Bertl_zZ is now known as Bertl
lkcl has quit [Ping timeout: 264 seconds]
lkcl has joined #litex
hansfbaier has quit [Read error: Connection reset by peer]
<somlo>
_florent_, shorne: after having stared at the Linux litesdcard driver for a loooong time, I can't find anything it's doing significantly different from what the LiteX bios does in terms of accessing the card, other than maybe the timing of the requests (although even disabling interrupts on a single-core soc around litex_request() doesn't seem to make a difference)
<somlo>
likely I'm missing something, but the litesdcard FSMs are timing out left and right when driven by the Linux driver, and seem happy and healthy when driven by the bios...
mikeK_de1soc has joined #litex
FFY00 has joined #litex
<somlo>
_florent_, shorne: https://github.com/enjoy-digital/litex/pull/820 should ensure that 1. we never timeout during sdcardboot (even on weird CPU configurations such as Rocket :) and 2. don't run into command timeouts with the LiteSDCard FSMs in single-block (cmd17-only) mode on the Linux driver
<somlo>
This should help stabilize the current linux driver for now at no extra penalty for any other sdcard use (larger timeout values don't actually slow down the sdcard FSMs when things work *well*, they just avoid unnecessary errors and retries in linux)
<somlo>
I'm still trying to get to the bottom of why enabling cmd18 multi-block breaks horribly even with the larger timeouts
<somlo>
and will open a separate issue once I have my ducks in a row (have to remember everything I tried and write down a coherent report)
<_florent_>
thanks @somlo, the PR looks fine, I'm going to merge it.
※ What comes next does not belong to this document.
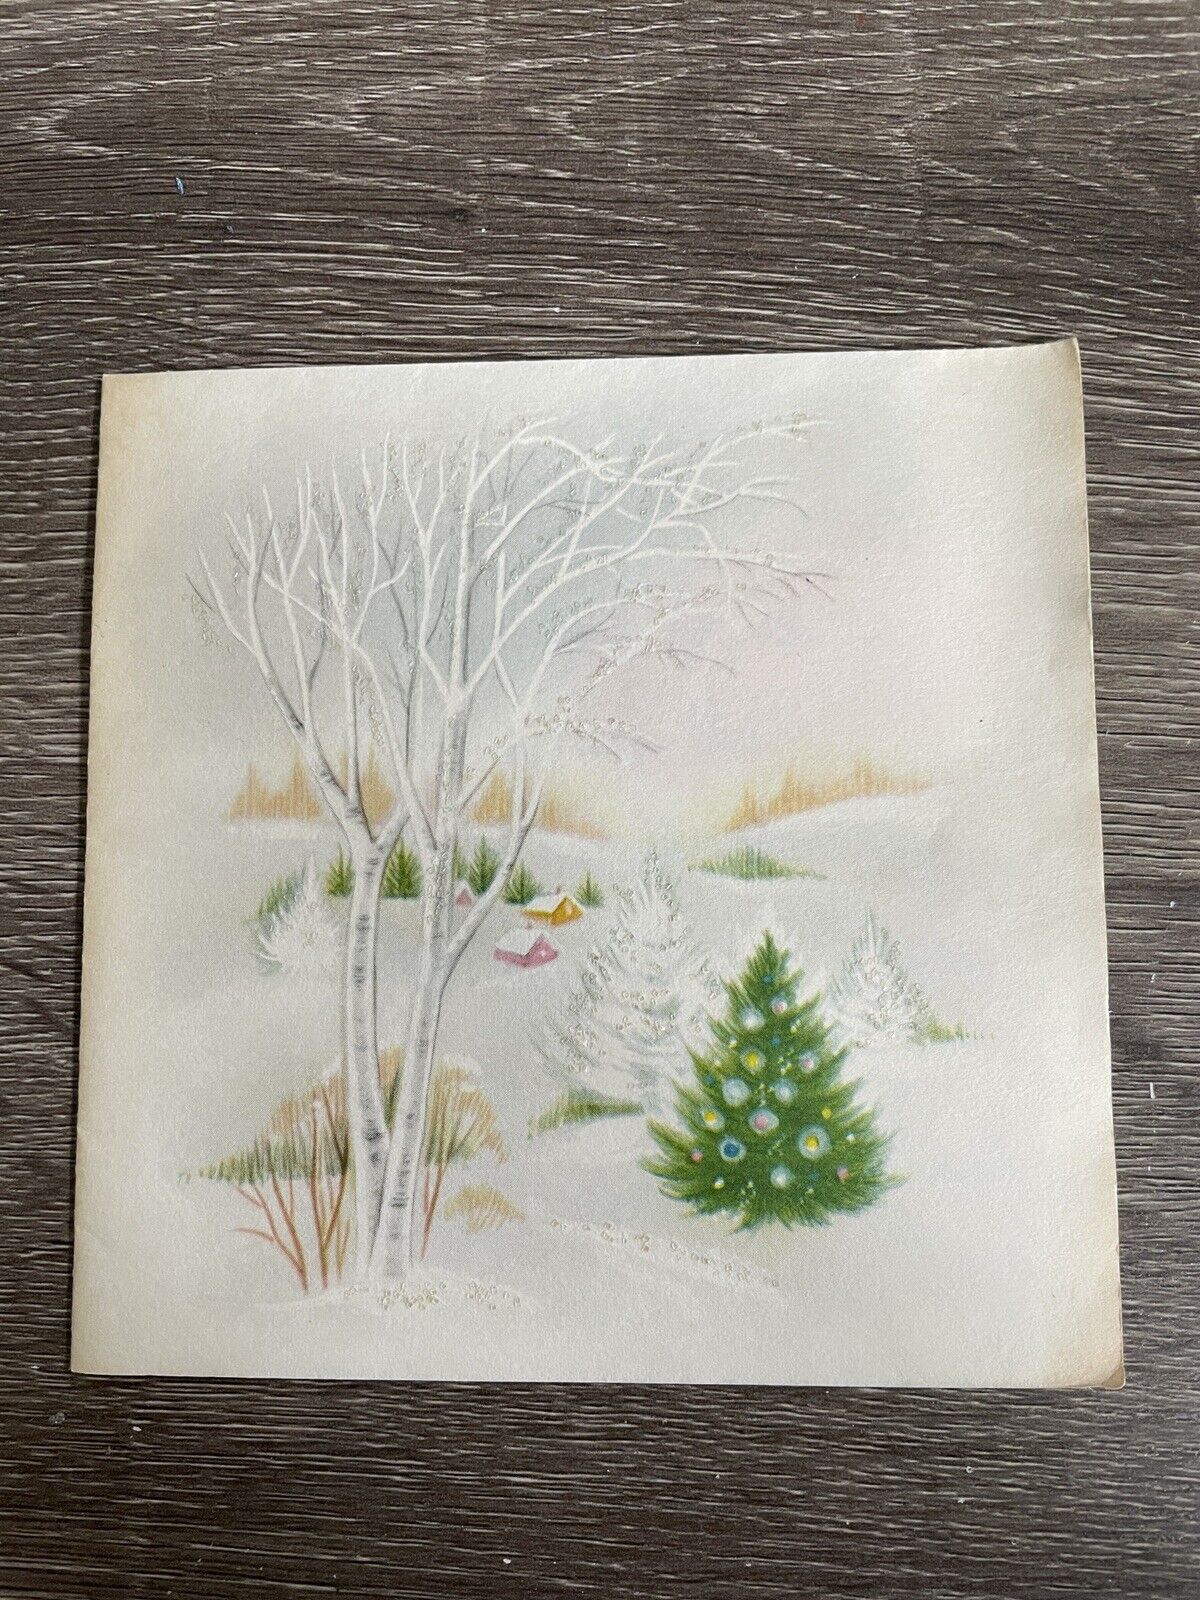 Vintage Christmas Card, Birch wood Tree Forest Flocked Snow Norcross, Used

For the issue with the Linux driver, I could do some capture of the SDCard signals with an external logic analyzer to try to understand the difference between the BIOS and Linux driver.
<somlo>
_florent_: thanks, that could be helpful! I've been studying the migen sources (and doing remedial learning on streams, as you are aware)
<somlo>
I'm slow almost by definition -- anything I need to touch I need to learn from scratch, first :)
<_florent_>
That's a good approach that I also generally try to apply when time allows it :) (and your feedback while learning is very valuable).
<_florent_>
somlo: when in Linux, can you tell me how you reproduce the timeouts easily? I could try on Arty with Linux-on-LiteX-VexRiscv
<somlo>
I tried to document my understanding of how the mmc subsystem figures out everything else around that setting in the surrounding comments
<somlo>
scatter/gather is off by default (as it should be, for now)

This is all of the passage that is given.